Segment Start: INFORMATION PROVIDED

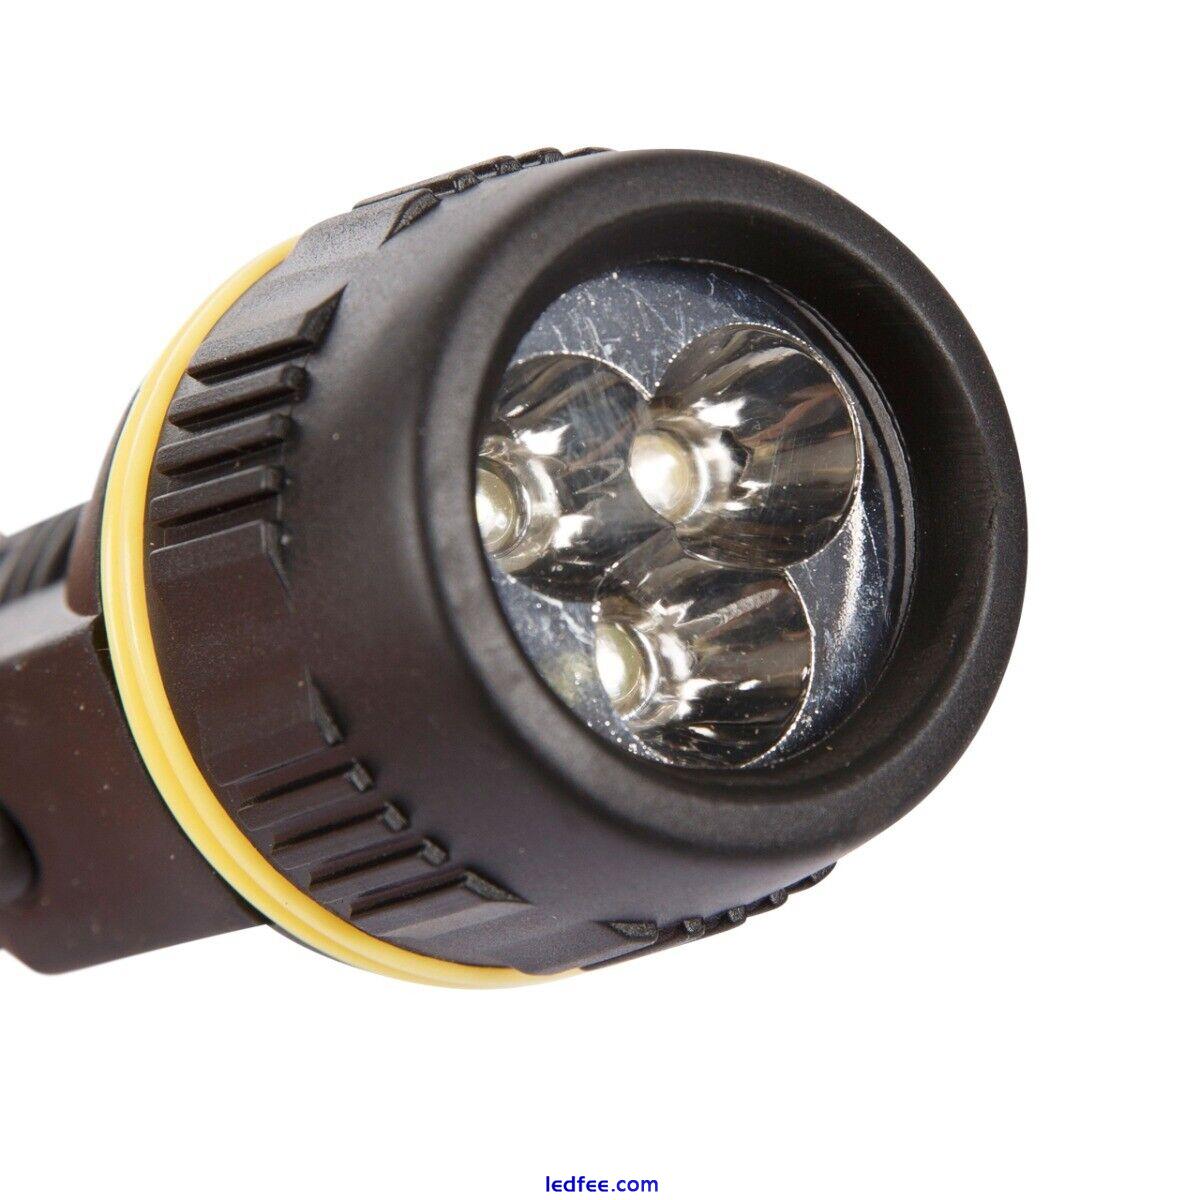 Trespass 3 LED Lightweight Torch Rubber Grip Water Shock Resistant 2 
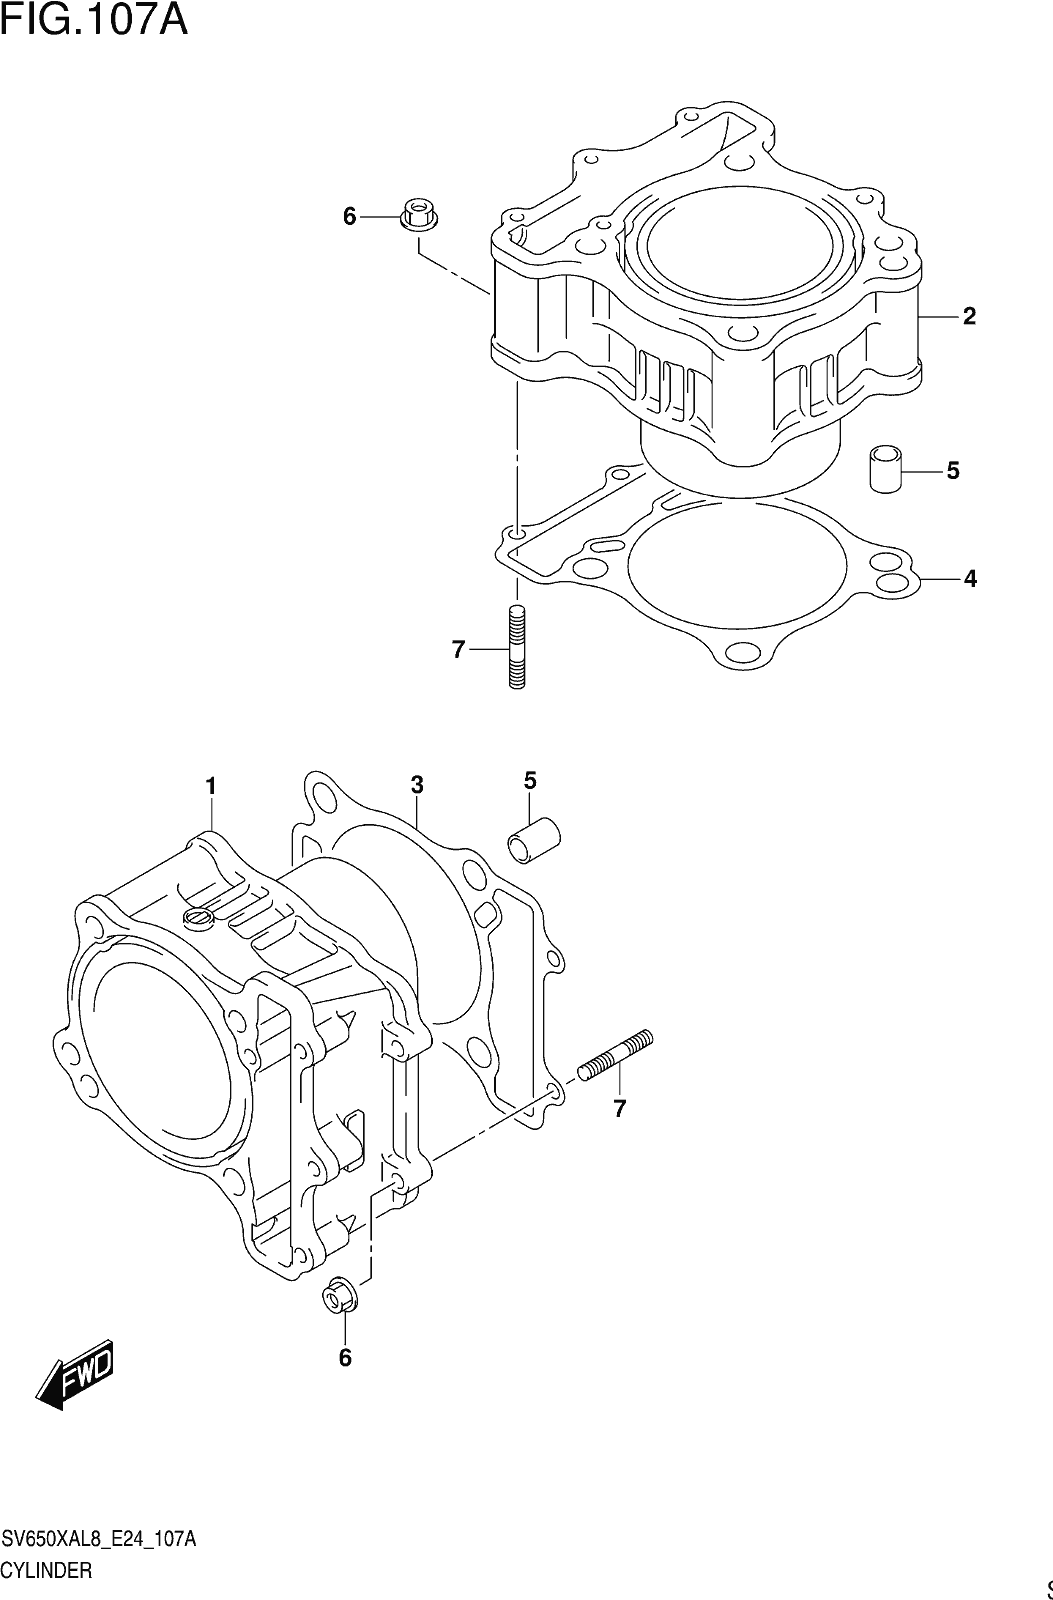 Fig.107a Cylinder
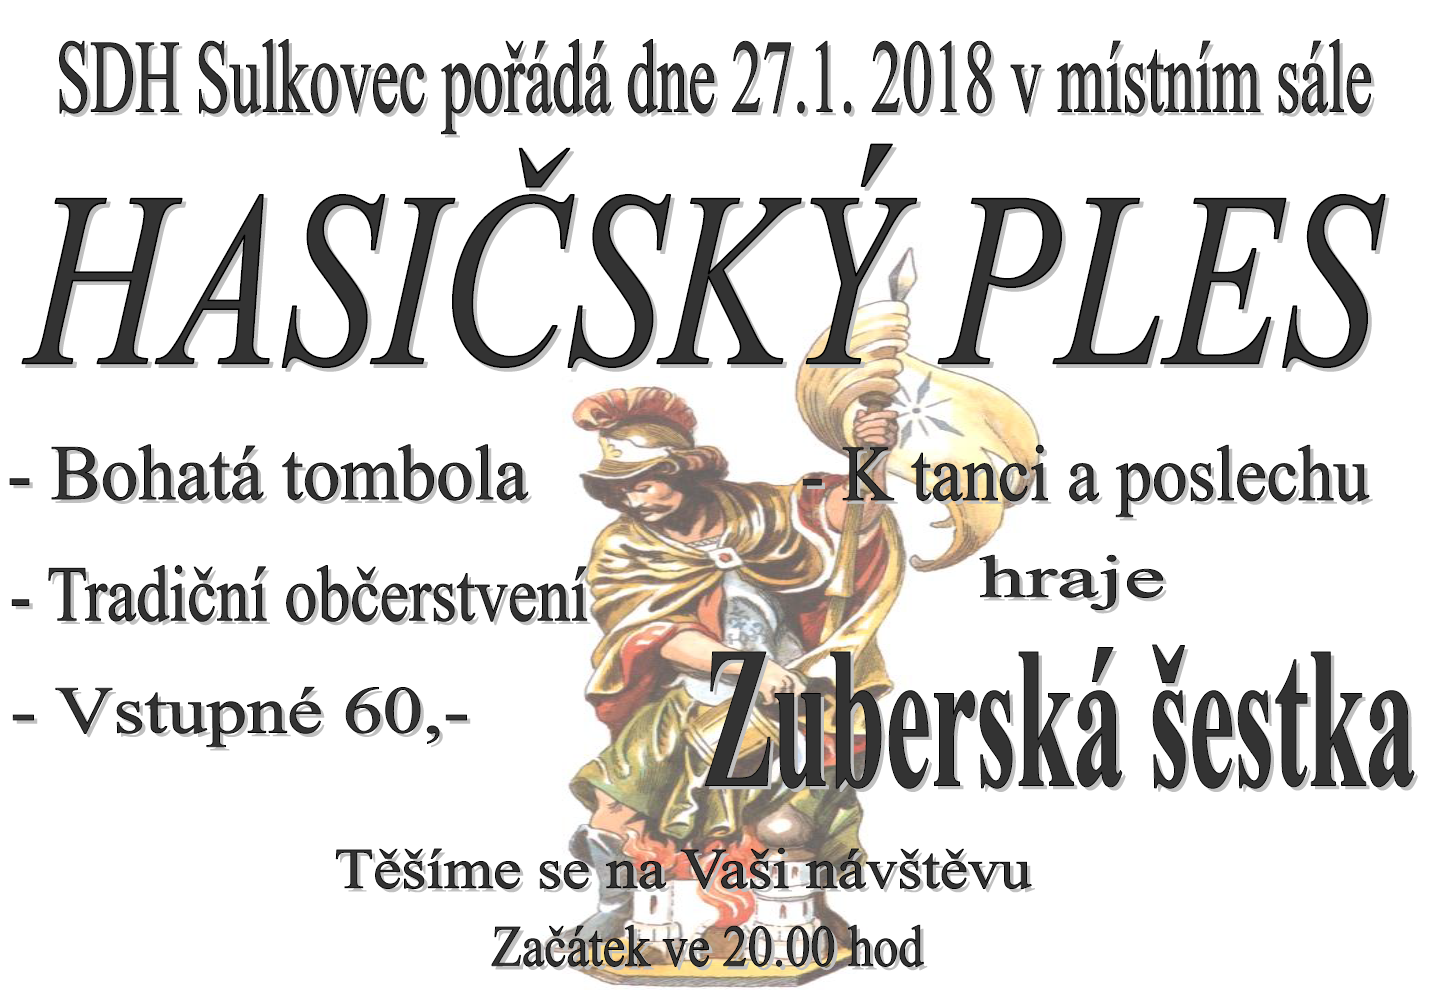 Hasičský ples Sulkovec 2018

Segment End: INFORMATION PROVIDED

WORK TO BE COMPLETED =>
What you output must match the data exactly, apart from the pictures, which are left out.

TASK ANSWER =>
 Trespass 3 LED Lightweight Torch Rubber Grip Water Shock Resistant 2 
 Fig.107a Cylinder
 Hasičský ples Sulkovec 2018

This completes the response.